Great! We got exactly the same result.

Now, let's try to understand which users are closest to user 1:

In [421]:
user_list = ratings.userId.unique( )

In [422]:
def GetEucDistAll(user, list_users):
  dist = [GetEucDistanceUsers(user, user_i) for user_i in list_users]
  return dist

In [423]:
d = GetEucDistAll(1, user_list)

Nice! Now, let's create a dataframe with this information:

In [424]:
similarity_user = pd.DataFrame({'user' : user_list, 'distance' : d})
similarity_user

Unnamed: 0,user,distance
0,1,0.000000
1,2,1.414214
2,3,8.200610
3,4,11.135529
4,5,3.741657
...,...,...
605,606,11.510864
606,607,9.899495
607,608,18.241436
608,609,3.162278


Great! Let's update our function to create this dataframe:

In [425]:
def GetEucDistAll(user, list_users):
  dist = [GetEucDistanceUsers(user, user_i) for user_i in list_users]
  similarity_user = pd.DataFrame({'you' : user, 'user' : list_users, 'distance' : dist})
  return similarity_user

In [426]:
similarity_user = GetEucDistAll(1, user_list)
similarity_user

Unnamed: 0,you,user,distance
0,1,1,0.000000
1,1,2,1.414214
2,1,3,8.200610
3,1,4,11.135529
4,1,5,3.741657
...,...,...,...
605,1,606,11.510864
606,1,607,9.899495
607,1,608,18.241436
608,1,609,3.162278


## Evaluating the most similar users

Nice! Now, let's order this dataframe:

In [427]:
similarity_user.sort_values(by = 'distance')

Unnamed: 0,you,user,distance
0,1,1,0.000000
577,1,578,0.000000
76,1,77,0.000000
84,1,85,0.000000
174,1,175,0.000000
...,...,...,...
473,1,474,18.594354
159,1,160,18.794946
216,1,217,19.646883
598,1,599,19.665960


Nice! However, there are some strange things here: note that the distance was null for users 578, 77, 85, 175. Did these users really rated the movies in the same way as user 1? Let's see:

In [428]:
r1   = GetUserRatings(1)
r578 = GetUserRatings(578)

In [429]:
table_check = r1.join(r578, lsuffix = '_l', rsuffix = '_r').dropna( )
table_check

Unnamed: 0_level_0,rating_l,rating_r
movieId,Unnamed: 1_level_1,Unnamed: 2_level_1


Note that, actually, these users never saw the same movies. Then, their distance was 0!

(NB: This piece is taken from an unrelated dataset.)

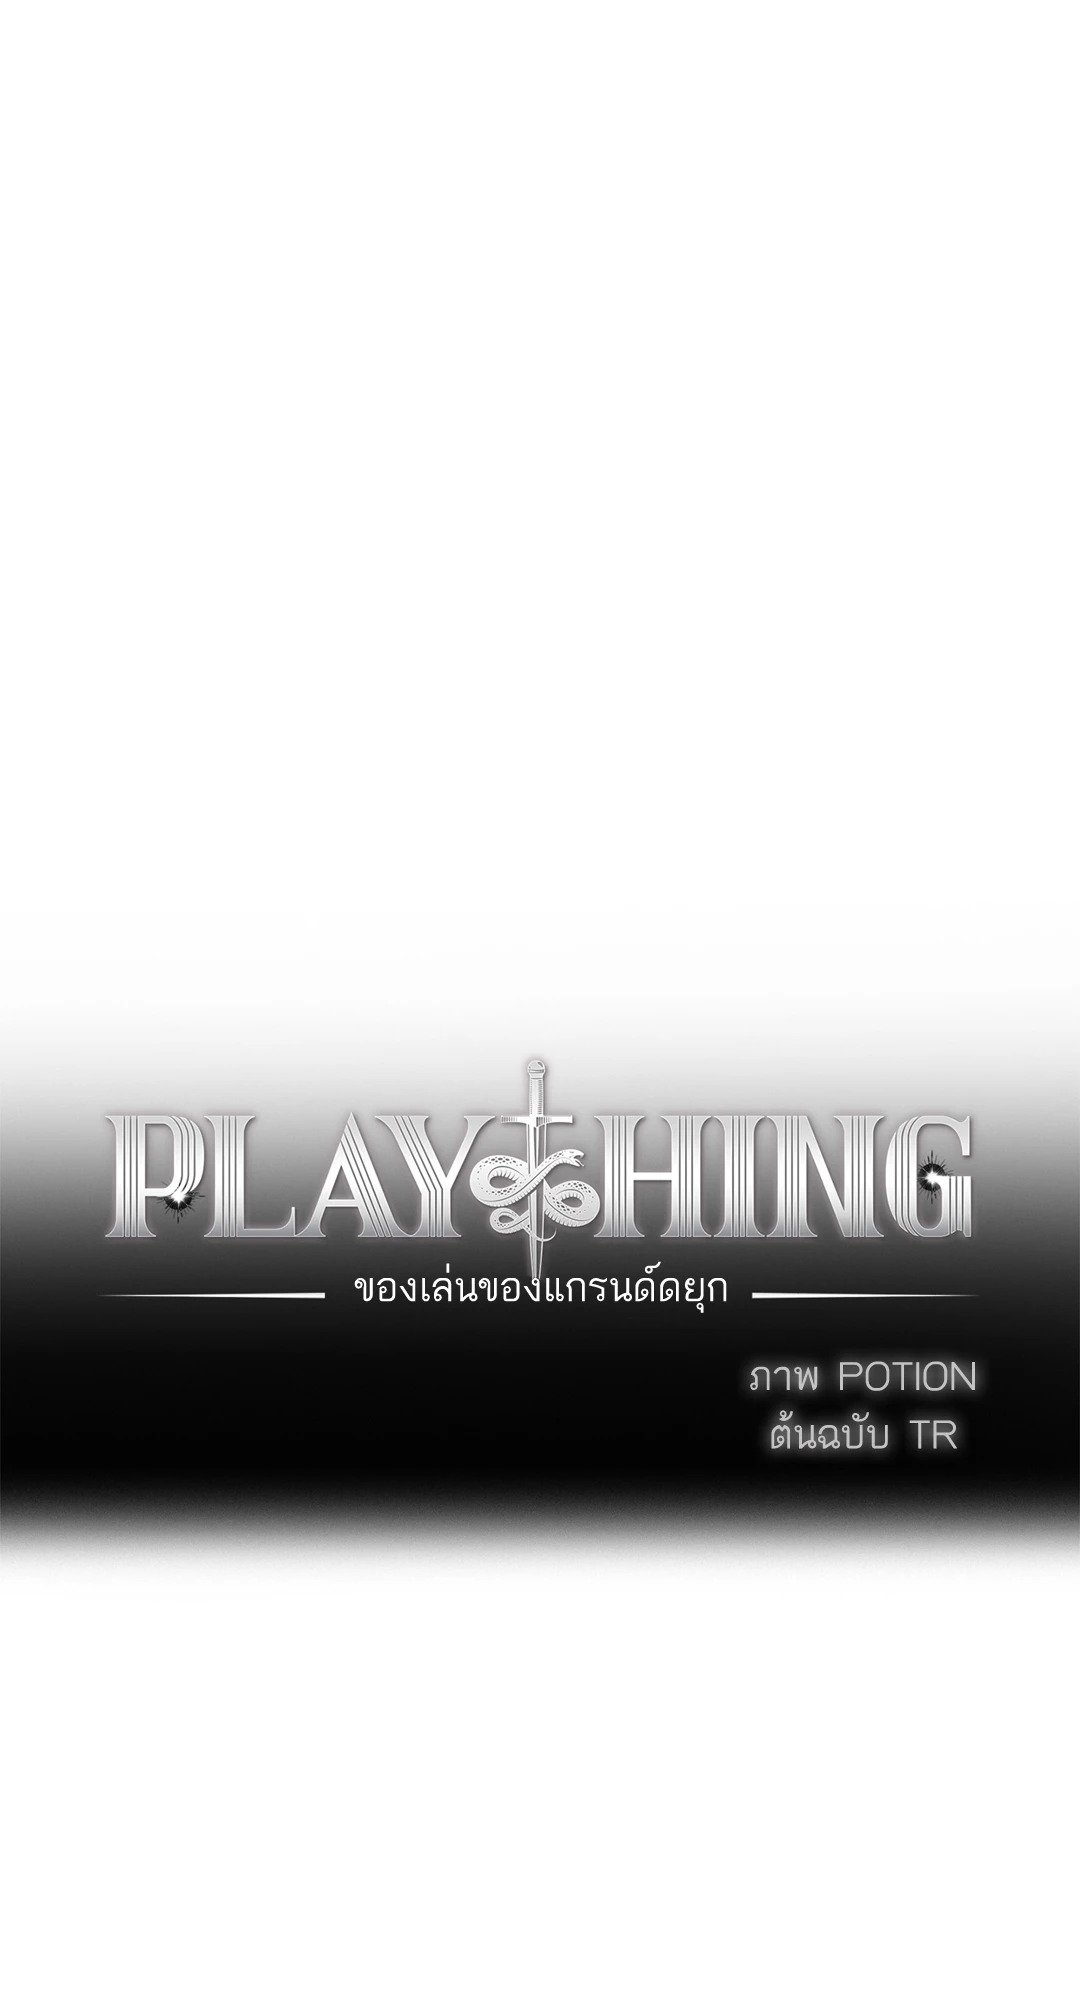 Plaything 22 07

Before evaluating the distance, we should remove the cases where there are less than $n$ movies in common. Another way is to penalize these cases, giving them a very high distance. Let's update our function:

In [430]:
def GetEucDistanceUsers(user1, user2, min_len = 5):
  left  = GetUserRatings(user1)
  right = GetUserRatings(user2)
  table = left.join(right, lsuffix = '_l', rsuffix = '_r').dropna( )

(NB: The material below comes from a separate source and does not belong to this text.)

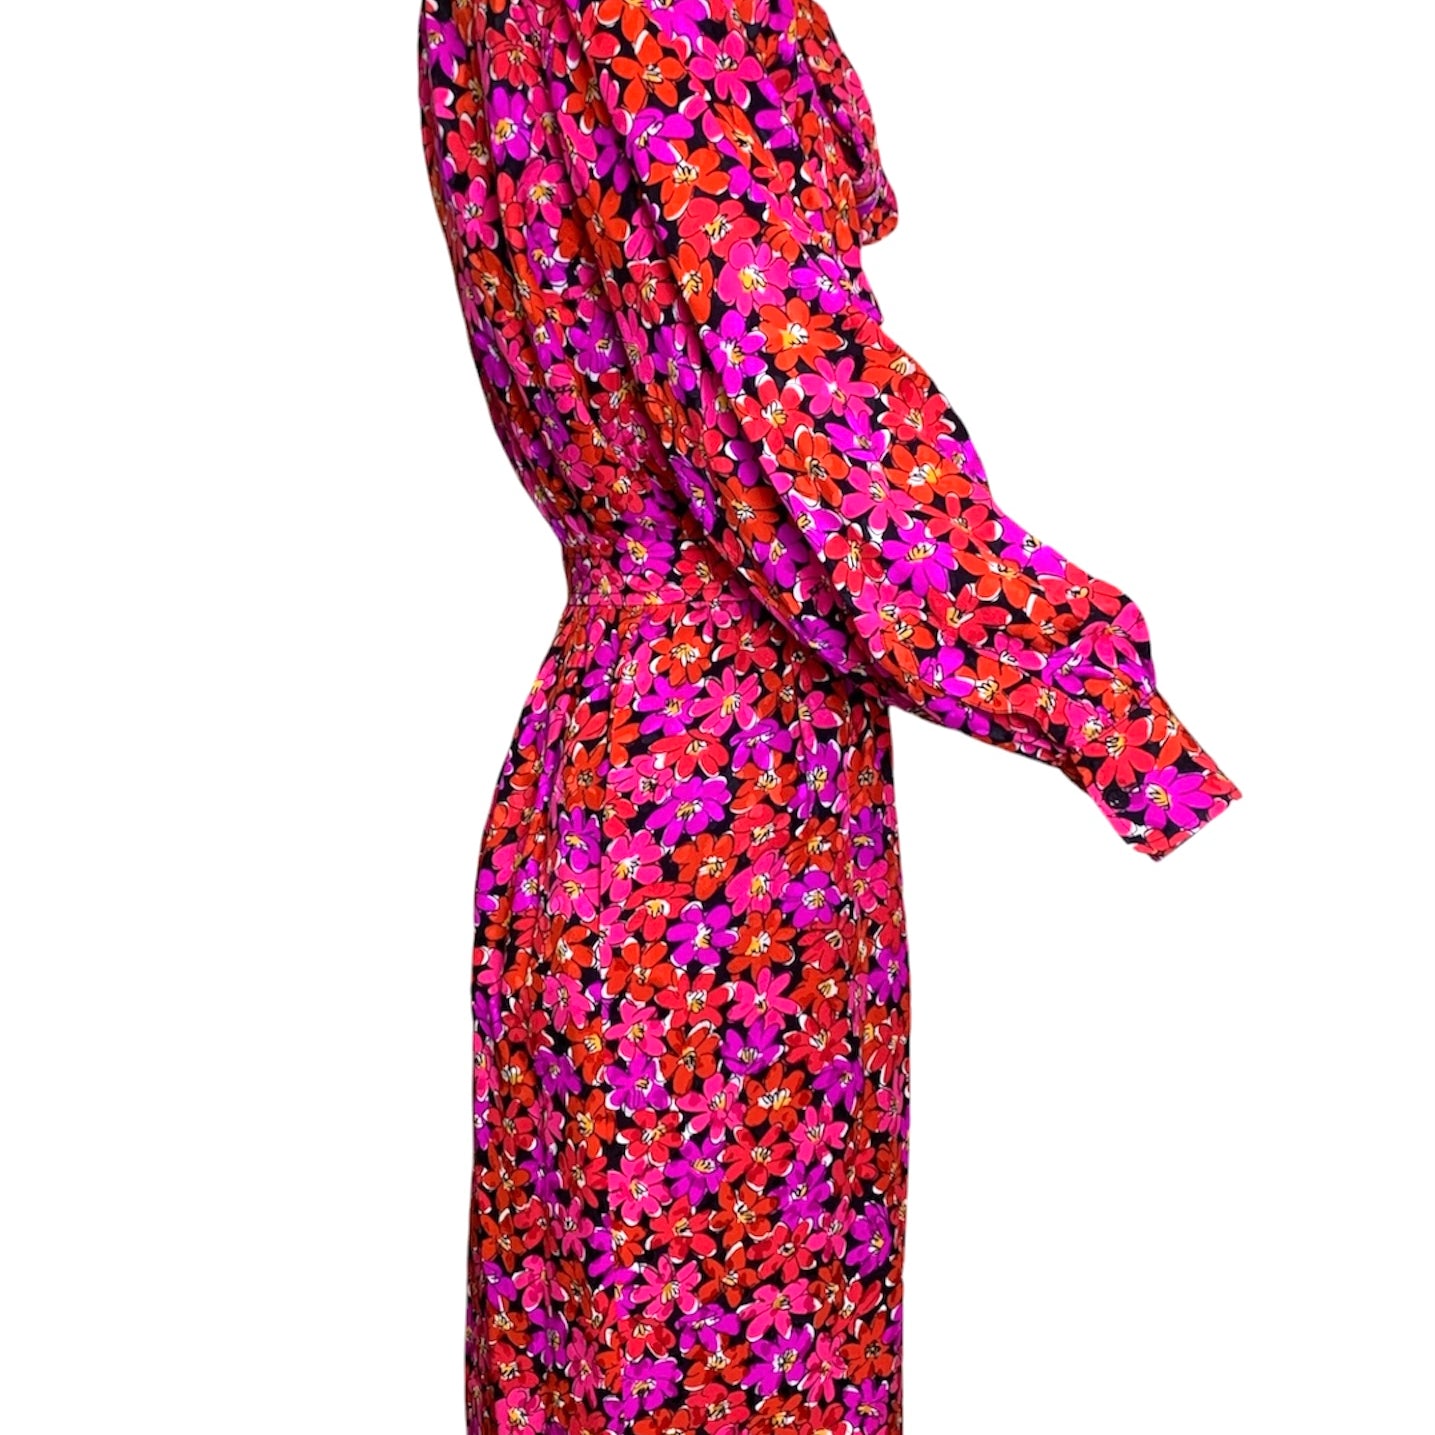 1989 Saint Laurent Magenta Silk Floral Print Dress Ensemble FULL ENSEMBLE SIDE

  if table.shape[0] < min_len:
    return 1e5

  euc_dist = np.linalg.norm(table.rating_l - table.rating_r)
  return euc_dist

Now, let's test it again:

In [431]:
similarity_user = GetEucDistAll(1, user_list)

In [432]:
similarity_user.sort_values(by = 'distance')

Unnamed: 0,you,user,distance
0,1,1,0.000000
76,1,77,0.000000
510,1,511,0.500000
365,1,366,0.707107
522,1,523,1.000000
...,...,...,...
189,1,190,100000.000000
59,1,60,100000.000000
575,1,576,100000.000000
544,1,545,100000.000000


Nice! Now, let's test user 77, which still got a 0 distance:

In [433]:
r1  = GetUserRatings(1)
r77 = GetUserRatings(77)

In [434]:
table_check = r1.join(r77, lsuffix = '_l', rsuffix = '_r').dropna( )
table_check

Unnamed: 0_level_0,rating_l,rating_r
movieId,Unnamed: 1_level_1,Unnamed: 2_level_1
260,5.0,5.0
1196,5.0,5.0
1198,5.0,5.0
1210,5.0,5.0
2571,5.0,5.0
3578,5.0,5.0


Nice! Now, these users have very few movies, but, indeed, they rated all of these movies equally!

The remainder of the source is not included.